That’s how long, combined, me and a few of my friends have been driving.
However, in the last 6 months each and every one of us has had a serious traffic incident. By serious I mean any incident that resulted in the car being written off or having to be in the garage for more than a month.
By my count, 4 of us have written off our cars, and there have been a total of 15 separate incidents in the 6 month period between June and December 2010. No fatalities but one serious injury.
What could be behind this?
Well, in my case and one of other the three other write offs, Alcohol was involved.
I had a few beers the night I wrote off my car, no happy-hour , shot downing binge drinking, just a couple of cold ones during the live performance I was watching that night, 2 beers in a period of about 4½ hours. I remember exactly how many I had because they were Shs. 275/= each.
One beer is enough to impair your reflexes just a tiny little bit, when shit hits the fan, every little bit counts.
Had I come round that bend and found that stationary vehicle while I was completely sober then maybe I would have turned the steering wheel a few inches less, or hit the brakes with a little more force, or turned to the right instead of the left, or used the handbrake, or...
The possibilities are endless. All I can do is thank the Lord that my passenger and I escaped unhurt.
I will not speak for the other chap who had his impromptu evening nap rudely interrupted by the Nyayo Stadium Roundabout and wrote off his car.
People, don’t drink and drive, it’s never worth it.
With the exception of a tyre burst, the rest of the accidents were caused by my friend’s reactions to the actions of another motorist.
One guy was on Ngong Road, the car ahead indicated right, slowed down and turned to the right, my pal accelerated to pass on the left, the dude then changes his mind and turns back onto the road straight into my pal.
One three car pile-up with my pal sandwiched in the middle on Waiyaki Way caused by a guy who suddenly stopped to buy a newspaper.
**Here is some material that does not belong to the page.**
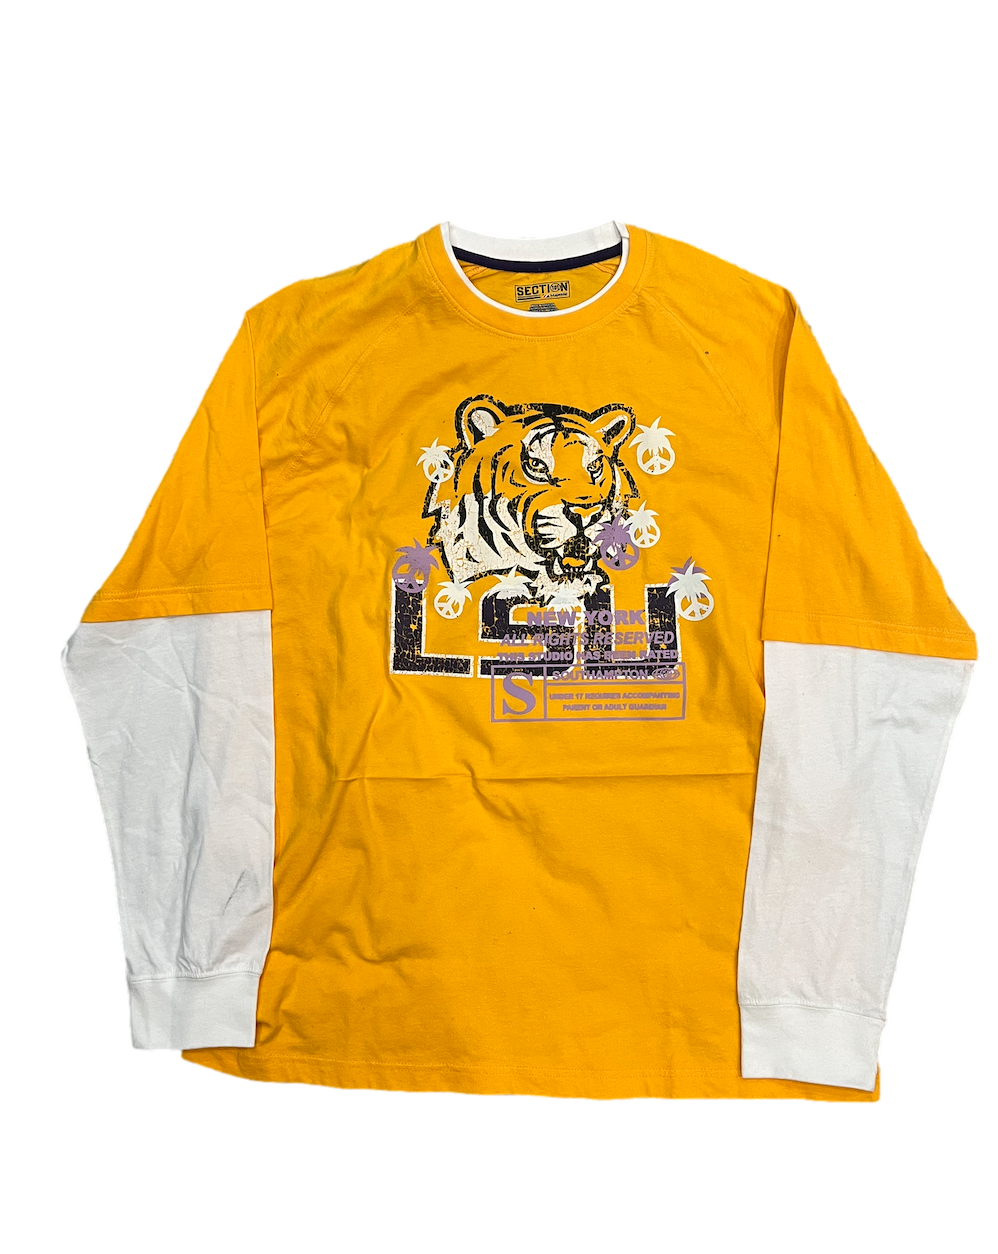 1/1 LSU Long Sleeve Shirt

One write-off caused by rolling twice after swerving off the road to avoid a couple of guys racing down the Bomas drift.
One guy who was sandwiched between the Lorry he was overtaking and the guy who was trying to overtake him as he overtook the Lorry. The overlapping idiot suddenly realised there was no more road and swerved back, into my pal, who then hit the lorry.
One head on collision on the Nairobi-Naivasha highway, details of which are hazy because the guy can’t (or won’t) remember. Eyewitness accounts, however, state that he was overtaking someone who decided to accelerate, leaving him no option but to face the business end of an 18-Wheeler.
With the exception of me and my pal Mr. Nyayo Roundabout, the accidents were caused purely by third parties who quite frankly, based on their actions, should not have been on the road.
The problem is that our system doesn’t teach people how to drive, it teaches them to pass the driving test, a test which was designed for an older generation of vehicles on a different set of roads.
With the cost of credit going down and the public transport sector in a mess, more and more people are buying cars, but with the driving test as it is, we are actually putting these new drivers and the people around them in danger by allowing them to drive without proper knowledge of how to operate a motor vehicle.
All the experience in the world will not stop you from having an accident with some chap on the road who has no idea what he’s doing.
Insurance premiums are at an all time high and with superhighways popping up all over, I think it’s time we took a serious look at how we train people who drive.
I must go through a certain number of hours of training each year to do what I do for a living, “Continuous Professional Development” they call it, it should be the same for drivers of all PSVs.
In fact, everyone who drives should get trained and tested on a regular basis, perhaps every 3 years, drunk-driving campaigns should be stepped up, done all year round not just around the holidays, even the licence itself, that piece of cardboard in our paperless world should be changed.
Too many people die or get maimed for life on our roads every day, they don’t need to. Something needs to change.